For a broader explanation of the frontend layering and override architecture, see frontend/DeveloperGuide.md.
// ✅ CORRECT - Use @app/* for all imports
import { AppLayout } from "@app/components/AppLayout";
import { useFileContext } from "@app/contexts/FileContext";
import { FileContext } from "@app/contexts/FileContext";
// ❌ WRONG - Do not use @core/* or @proprietary/* in normal code
import { AppLayout } from "@core/components/AppLayout";
import { useFileContext } from "@proprietary/contexts/FileContext";
Only use explicit aliases when:
- Building layer-specific override that wraps a lower layer's component
- Example:
import { AppProviders as CoreAppProviders } from "@core/components/AppProviders"when creating proprietary/AppProviders.tsx that extends the core version
The @app/* alias automatically resolves to the correct layer based on build target (core/proprietary/desktop) and handles the fallback cascade.
Component Override Pattern (Stub/Shadow)
Use this pattern for desktop-specific or proprietary-specific features WITHOUT runtime checks or conditionals.
How it works:
- Core defines stub component (returns null or no-op)
- Desktop/proprietary overrides with same path/name
- Core imports via
@app/*- higher layer "shadows" core in those builds - No
@ts-ignore, noisTauri()checks, no runtime conditionals!
Example - Desktop-specific footer:
// core/components/rightRail/RightRailFooterExtensions.tsx (stub)
interface RightRailFooterExtensionsProps {
className?: string;
}
export function RightRailFooterExtensions(_props: RightRailFooterExtensionsProps) {
return null; // Stub - does nothing in web builds
}
// desktop/components/rightRail/RightRailFooterExtensions.tsx (real implementation)
import { Box } from '@mantine/core';
import { BackendHealthIndicator } from '@app/components/BackendHealthIndicator';
interface RightRailFooterExtensionsProps {
className?: string;
}
export function RightRailFooterExtensions({ className }: RightRailFooterExtensionsProps) {
return (
<Box className={className}>
<BackendHealthIndicator />
</Box>
);
}
// core/components/shared/RightRail.tsx (usage - works in ALL builds)
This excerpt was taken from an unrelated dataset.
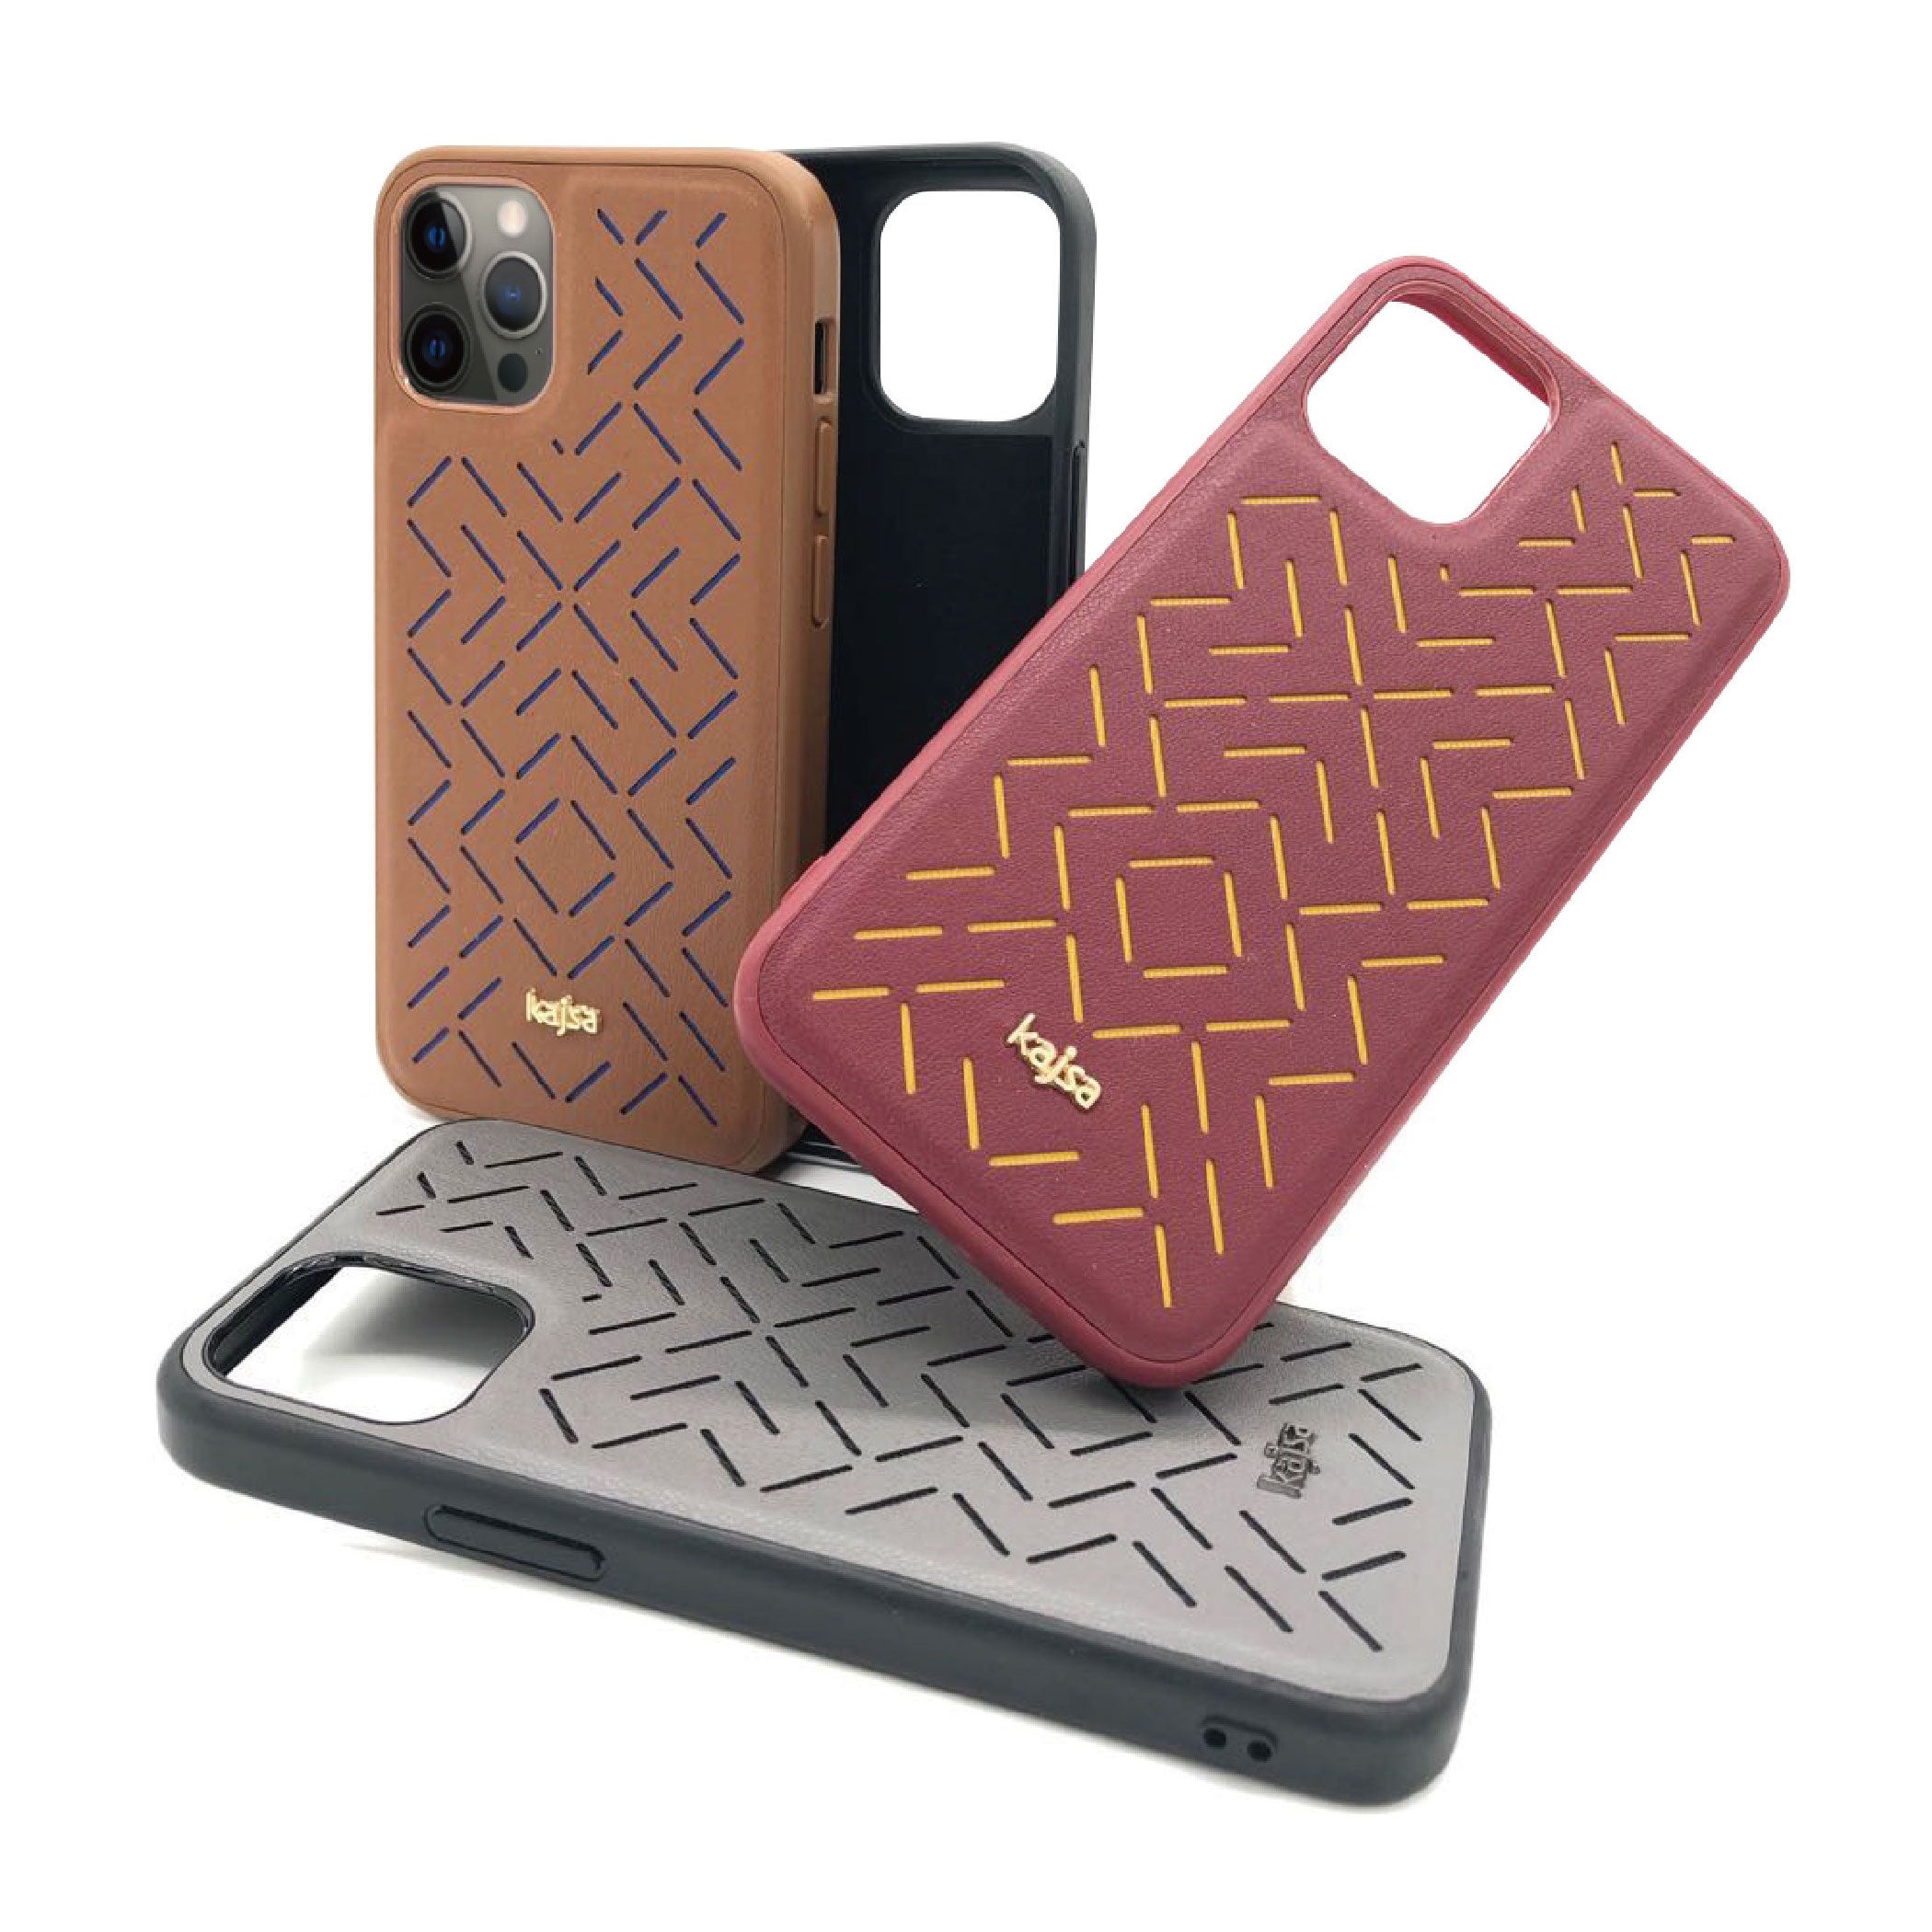 Splendid Series Collection - Square Back Case for iPhone 12-Phone Case- phone case - phone cases- phone cover- iphone cover- iphone case- iphone cases- leather case- leather cases- DIYCASE - custom case - leather cover - hand strap case - croco pattern case - snake pattern case - carbon fiber phone case - phone case brand - unique phone case - high quality - phone case brand - protective case - buy phone case hong kong - online buy phone case - iphone‎手機殼 - 客製化手機殼 - samsung ‎手機殼 - 香港手機殼 - 買電話殼

import { RightRailFooterExtensions } from '@app/components/rightRail/RightRailFooterExtensions';
export function RightRail() {
return (
<div>
{/* In web builds: renders nothing (stub returns null) */}
{/* In desktop builds: renders BackendHealthIndicator */}
<RightRailFooterExtensions className="right-rail-footer" />
</div>
);
}
Build resolution:
- Core build:
@app/*→core/*→ Gets stub (returns null) - Desktop build:
@app/*→desktop/*→ Gets real implementation (shadows core)
Benefits:
- No runtime checks or feature flags
- Type-safe across all builds
- Clean, readable code
- Build-time optimization (dead code elimination)
Multi-Tool Workflow Architecture
Frontend designed for stateful document processing:
- Users upload PDFs once, then chain tools (split → merge → compress → view)
- File state and processing results persist across tool switches
- No file reloading between tools - performance critical for large PDFs (up to 100GB+)
FileContext - Central State Management
Location: frontend/src/core/contexts/FileContext.tsx
- Active files: Currently loaded PDFs and their variants
- Tool navigation: Current mode (viewer/pageEditor/fileEditor/toolName)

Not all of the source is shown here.